El 20 de noviembre de 1971 Antonio Checa, redactor de este periódico, informaba sobre la irremediable demolición de la que fue iglesia del barrio de la Magdalena. Por aquellos días, no muchos en Granada conocían como tal este edificio. Hacía tiempo que había perdido su fachada, su torre y dos de sus capillas y una tienda de tejidos, que exponía su mercancía de manera llamativa en el anodino frontal, había sustituido a la primitiva parroquia en torno a la cual creció un barrio.

Urbanismo tenía otros planes para el solar de Mesones 26. Se iban a construir unos grandes almacenes, un edificio moderno que vendría a destruir un poco más el paisaje de la ciudad vieja, aunque «sería de plantas bajas, para que la edificación no asome por detrás de la plaza Bibrrambla», apuntaba con ironía el redactor. Aquella primitiva iglesia de la Magdalena no era un edificio muy importante desde el punto de vista patrimonial, pero era un buen ejemplo de la ‘Granada pequeña’, de los detalles que se debían de haber cuidado para proteger el carácter único de esta ciudad.

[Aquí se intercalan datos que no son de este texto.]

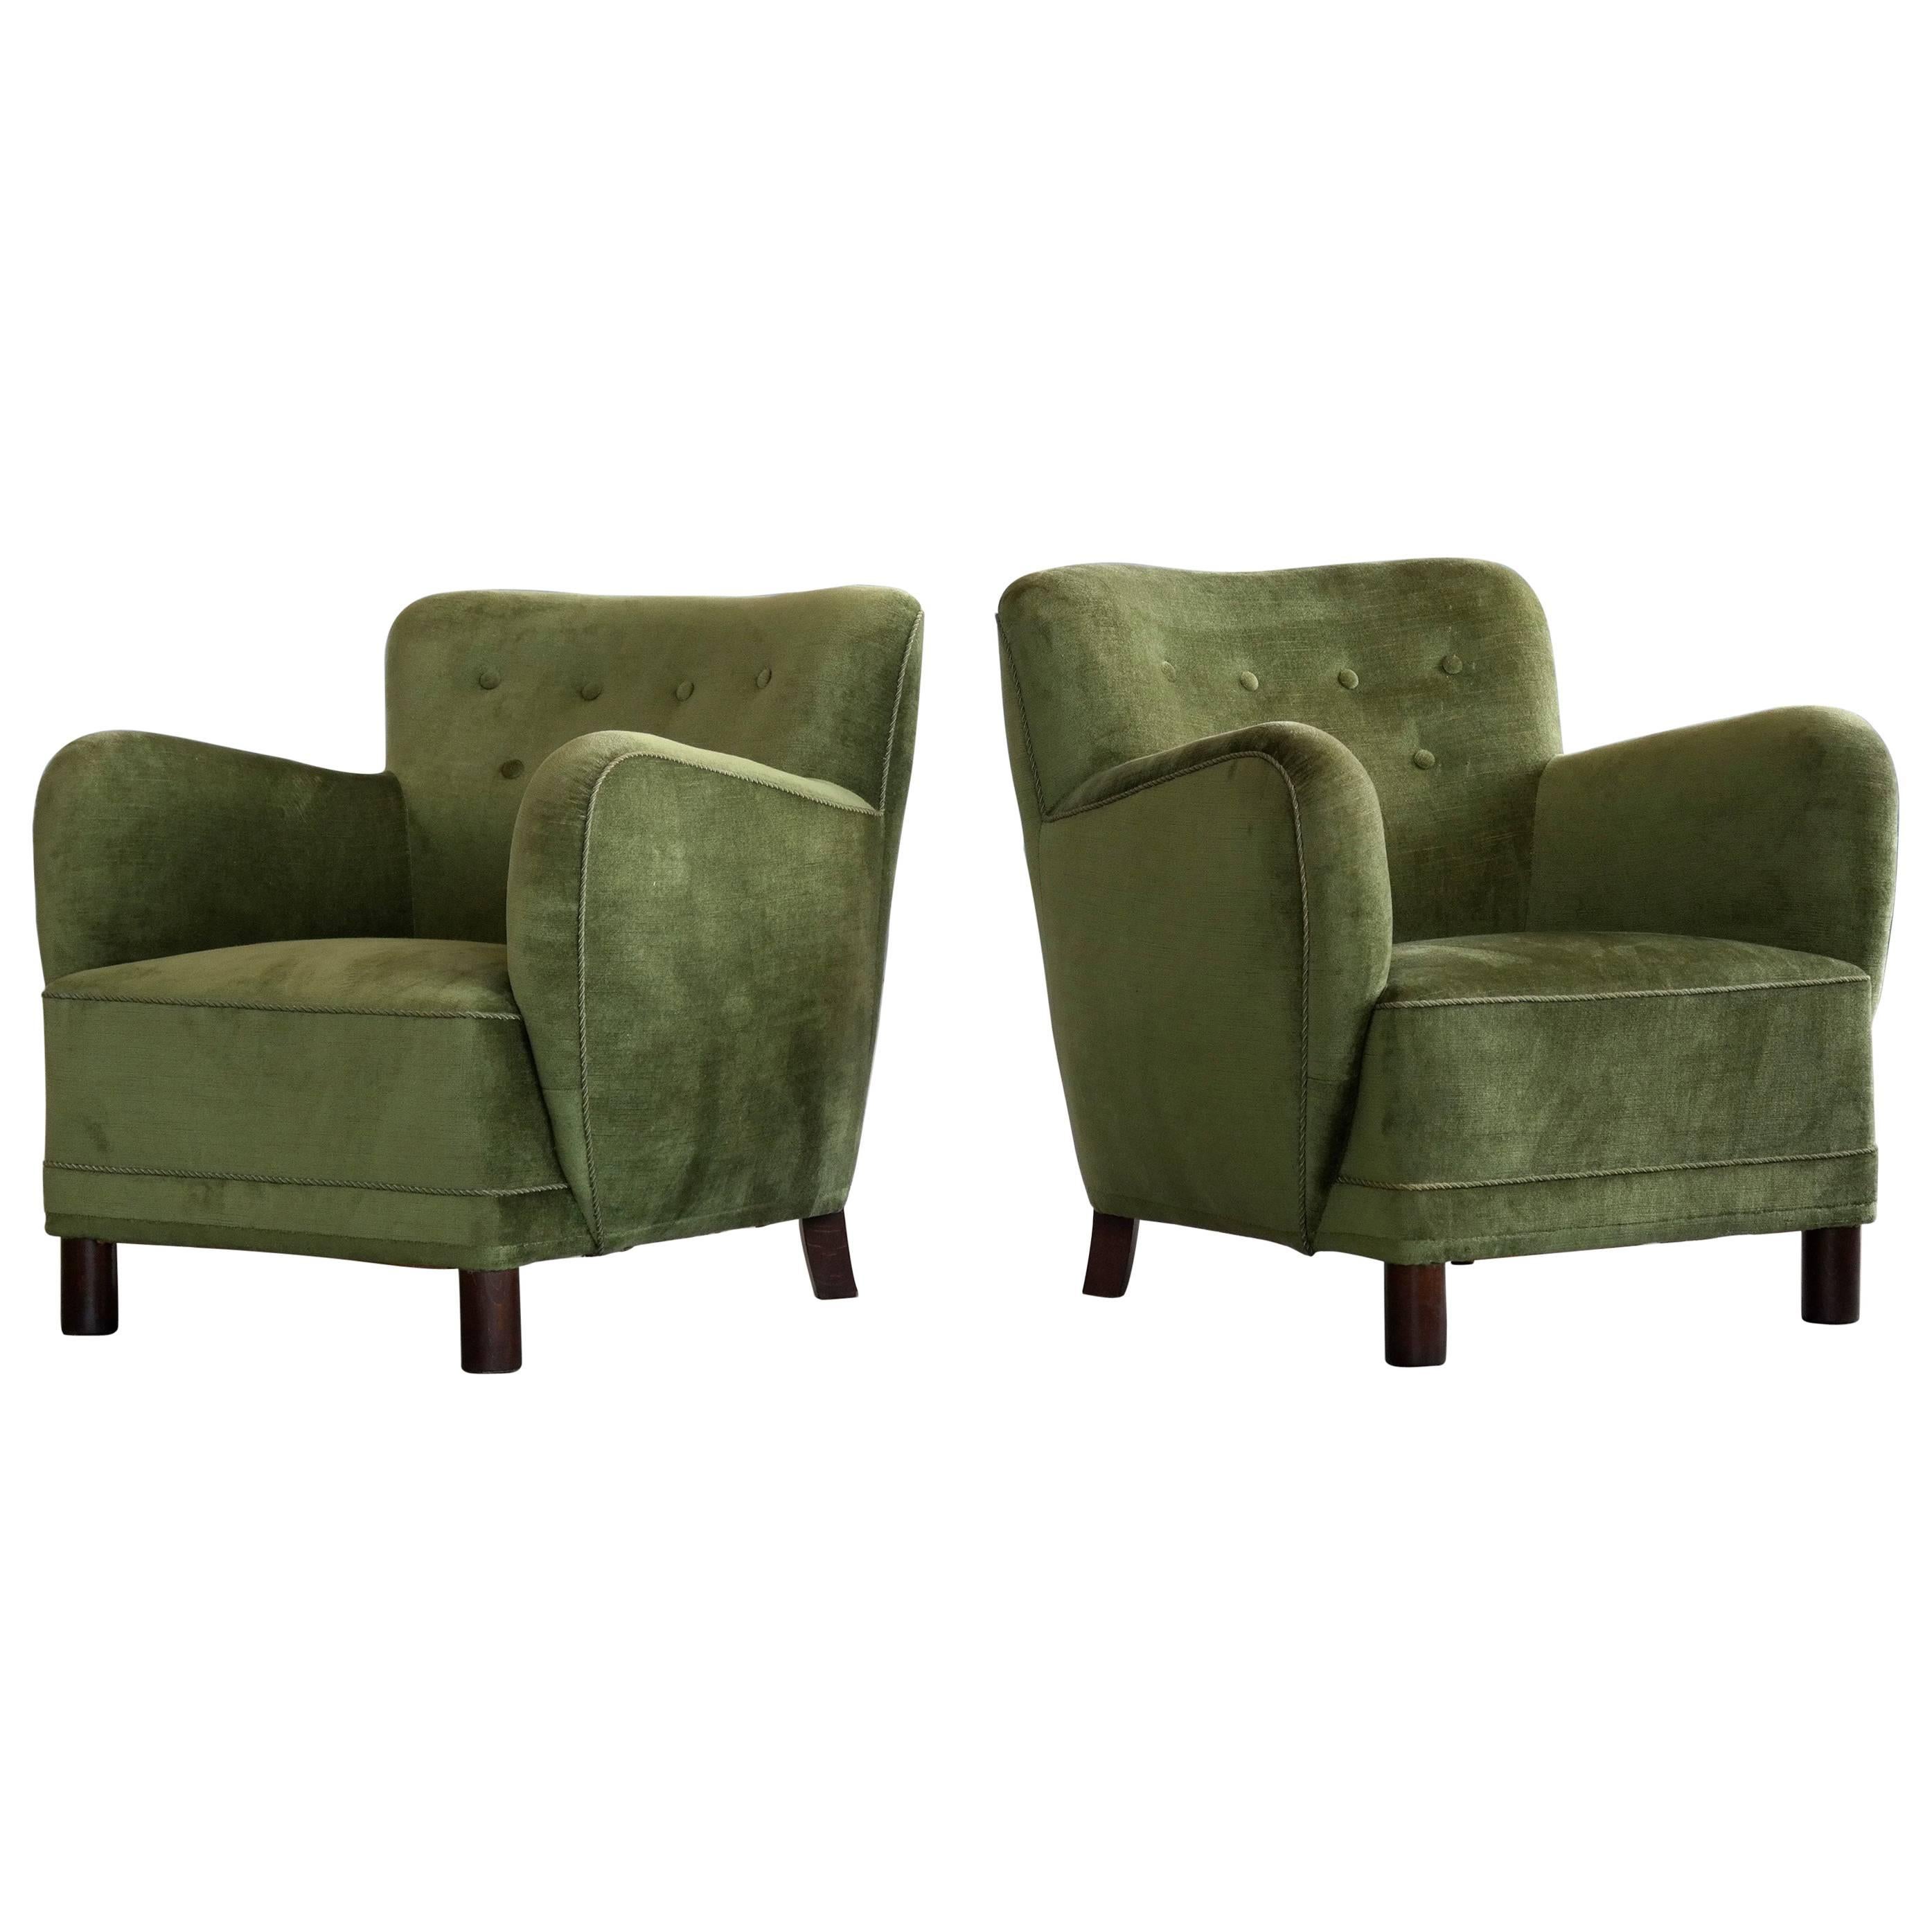 Danish 1940s Mogens Lassen Attributed Pair of Low Lounge Chairs in Mohair Velvet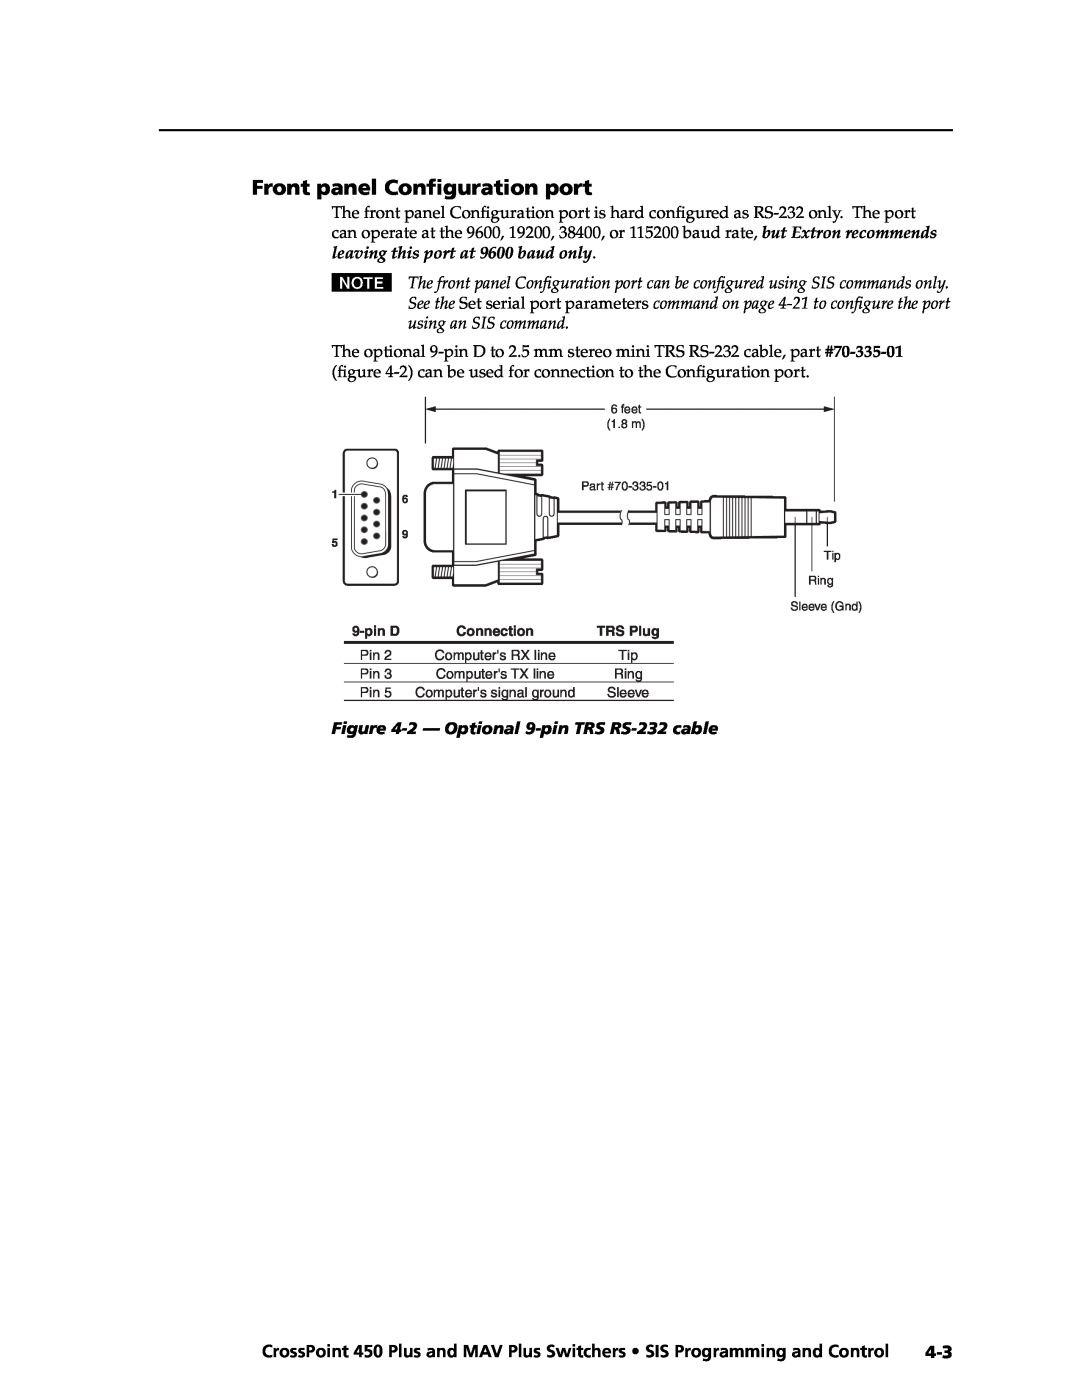 Extron electronic 450 Plus, MAV Plus manual Front panel Conﬁguration port, 2 - Optional 9-pin TRS RS-232 cable

La iglesia de los asturianos

Desde 1492 hasta el inicio del siglo XVI conviven en Granada dos modelos de cultura y de religión, el mundo islámico y el cristiano. Tras la conquista de Granada y hasta el siglo XVI se intentó cristianizar a la población musulmana, un proceso que se aceleró tras la Rebelión de las Alpujarras. Se derribaron viejas mezquitas sobre cuyos cimientos se construyeron parroquias. La construcción de la antigua iglesia de la Magdalena se enmarca en este contexto pero, para Francisco Sánchez-Montes, profesor del departamento de Historia Moderna de la Universidad de Granada, se trataría de un caso peculiar como lo es la historia del barrio en el que fue construida.

Vista de la iglesia desde Bib Rambla.

Vista de la iglesia desde Bib Rambla. / Foto cedida por Francisco Sánchez-Montes

El barrio de La Magdalena era el límite sur de la ciudad islámica de Granada. Conocida por los musulmanes como el arrabal de Bib Rambla o barrio del Arenal, la población de esta Granada nazarí había saltado el recinto amurallado y se había instalado en el que sería génesis de un nuevo barrio que tenía como centro neurálgico una pequeña iglesia. Comenzó su construcción en 1501 a expensas de las donaciones de un grupo de asturianos asentado en la ciudad tras la Reconquista. La iglesia debió de quedarse pequeña y se sometió a varias ampliaciones, en en 1626 dirigió las obras Cristóbal Ramírez y Francisco Barrientos y de nuevo en 1634, reforma que fue concluida por Lucas Bermúdez.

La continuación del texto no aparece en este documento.